С Борисом Андреевым я познакомился и подружился во время съемок «Трактористов». Это была первая его роль в кино, а сыграл он ее очень уверенно, профессионально, с чувством меры, нигде не «пережимая», хорошо взаимодействуя с партнерами. В нем сразу же обнаружился недюжинный актерский талант.
Судьба еще трижды сводила нас на съемочной площадке: в картине «Малахов курган», где Борис Федорович сыграл командира Чапаевской дивизии Жуковского; в фильме «Максимка» — там Андреев был «пропащим» матросом Лучкиным; в «Жестокости» он играл роль Лазаря Баукина — человека трагической судьбы, сильного, мрачного, озлобленного, в чем-то основательного и справедливого, но вот угодившего в банду.
Эти четыре мастерски сыгранные роли только малая часть из созданного Б. Андреевым на экране.

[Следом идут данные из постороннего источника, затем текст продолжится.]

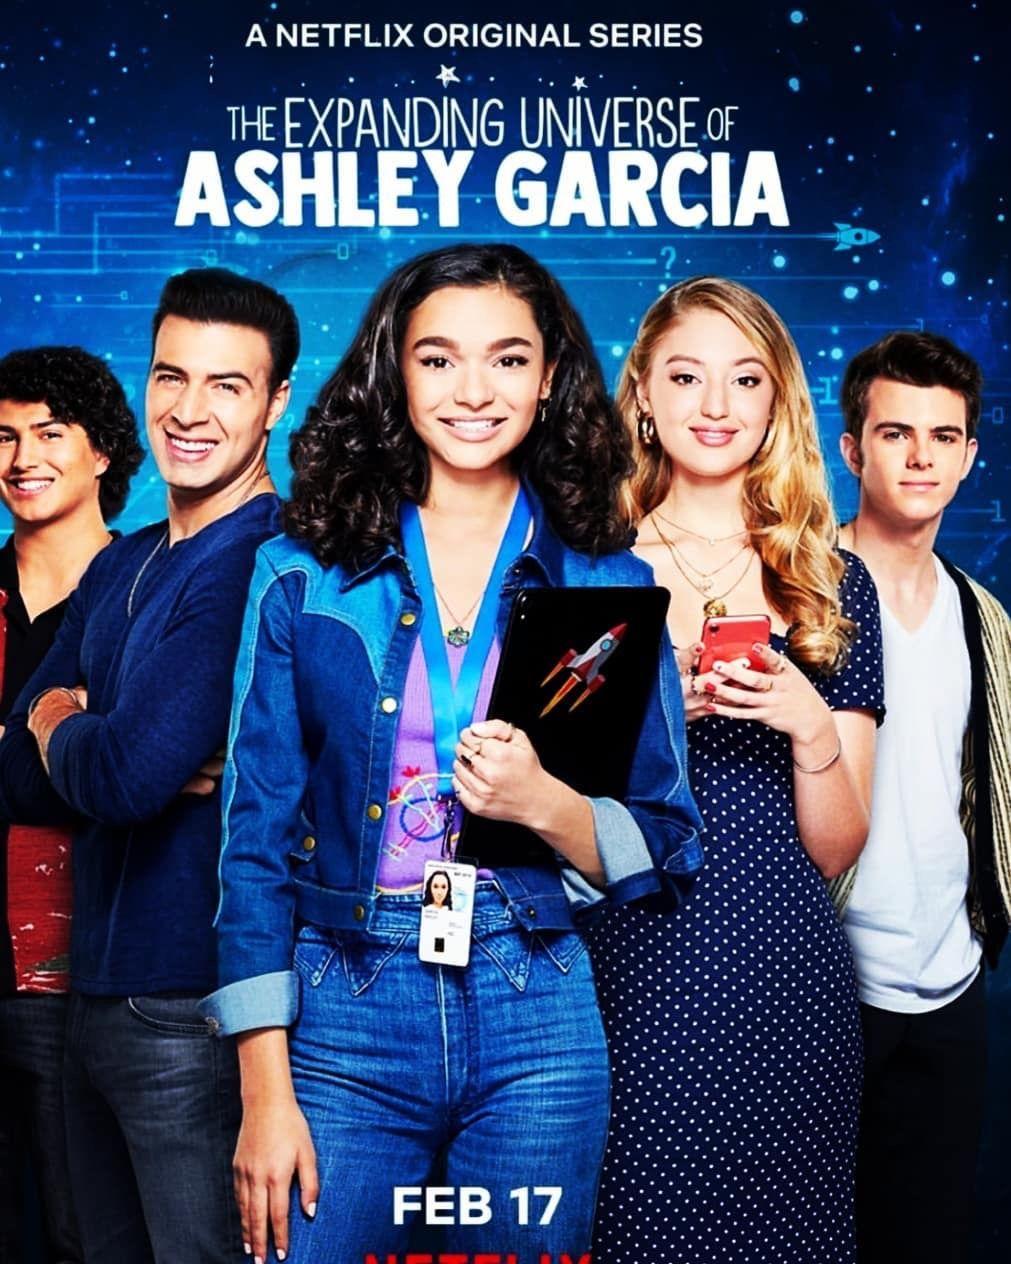 Mario Lopez Produces Youthful Latina Led Show The Expanding Universe Of Ashley Garcia Netflix Filmes E Series Filmes Netflix Capas De Filmes
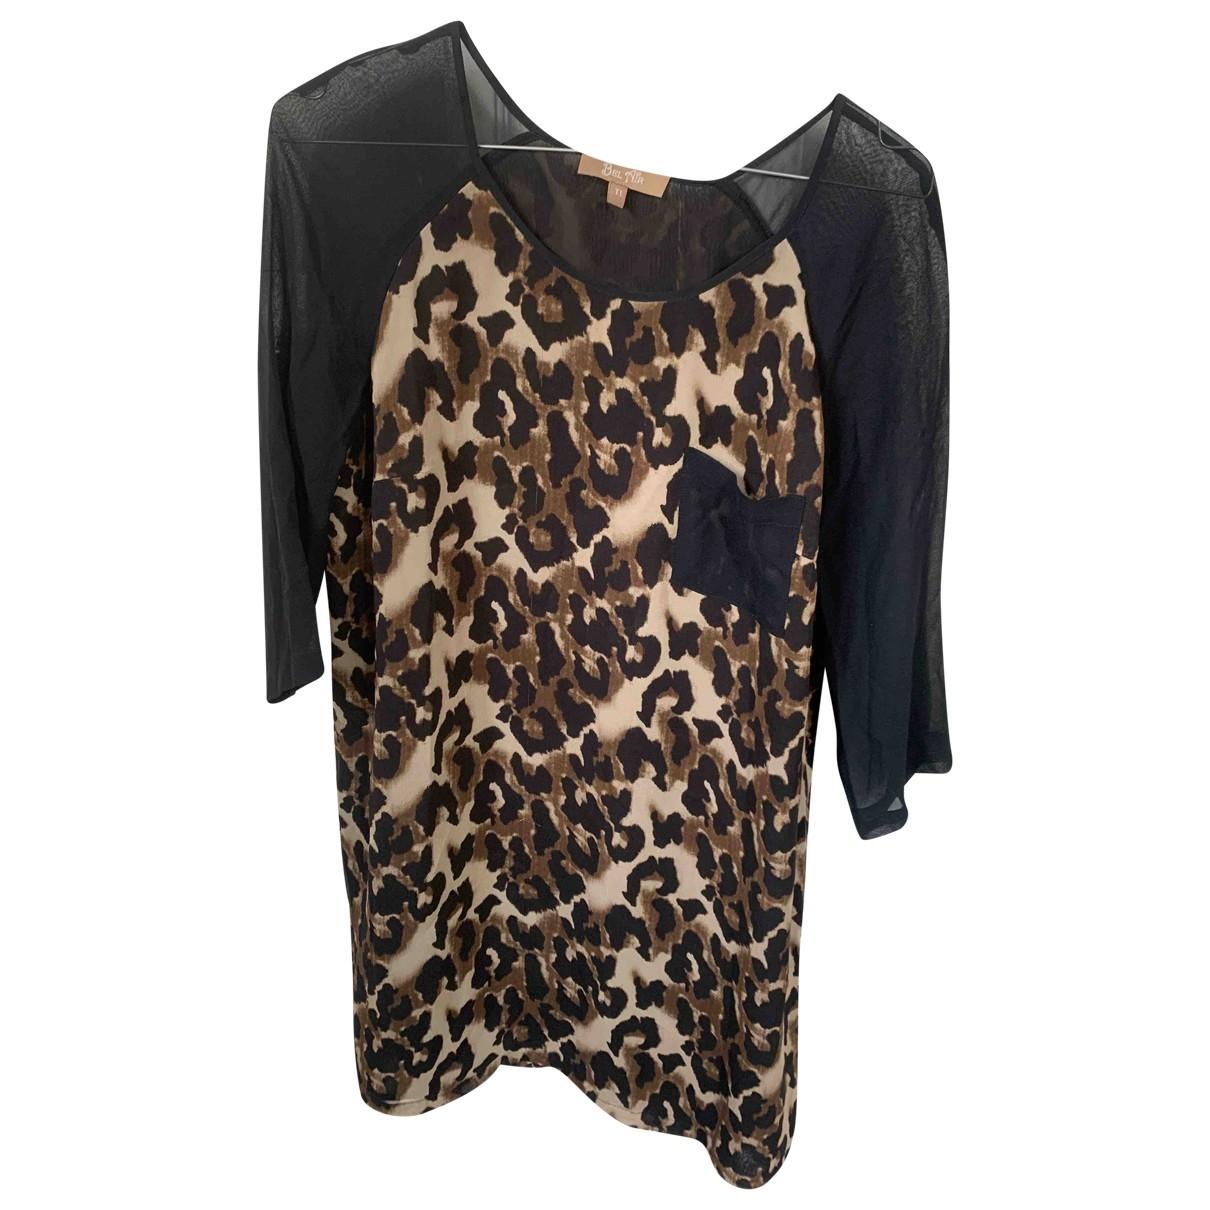 Bel Air \N Silk dress for Women 1 0-5

Зритель хорошо помнит Сашу Свинцова — Сашу с Уралмаша — из фильма «Два бойца». И, конечно, его героев в картинах «Большая жизнь», «Большая семья»… Борис Андреев поистине был создан для больших ролей, для воплощения крупных характеров.
Андреевские персонажи менялись с годами. Молодые герои актера — это парни, которым все нипочем, упрямцы, сорвиголовы, удальцы в гульбе, труде и ратных делах. Они ясны в своих устремлениях и помыслах, самоочевидны, что ли, — прочитываются сразу и «до конца». Те герои, которых Б. Андреев играл позже, начиная с 50-х годов, — душевно сложнее, глубже, умудреннее жизнью. У них часто трудный характер, крутой нрав, порой — трагическая судьба. Но это цельные натуры, широкие, не мелочные, им претит фальшь, трусость, низость. Они упорно размышляют о жизни и самостоятельно судят о ней.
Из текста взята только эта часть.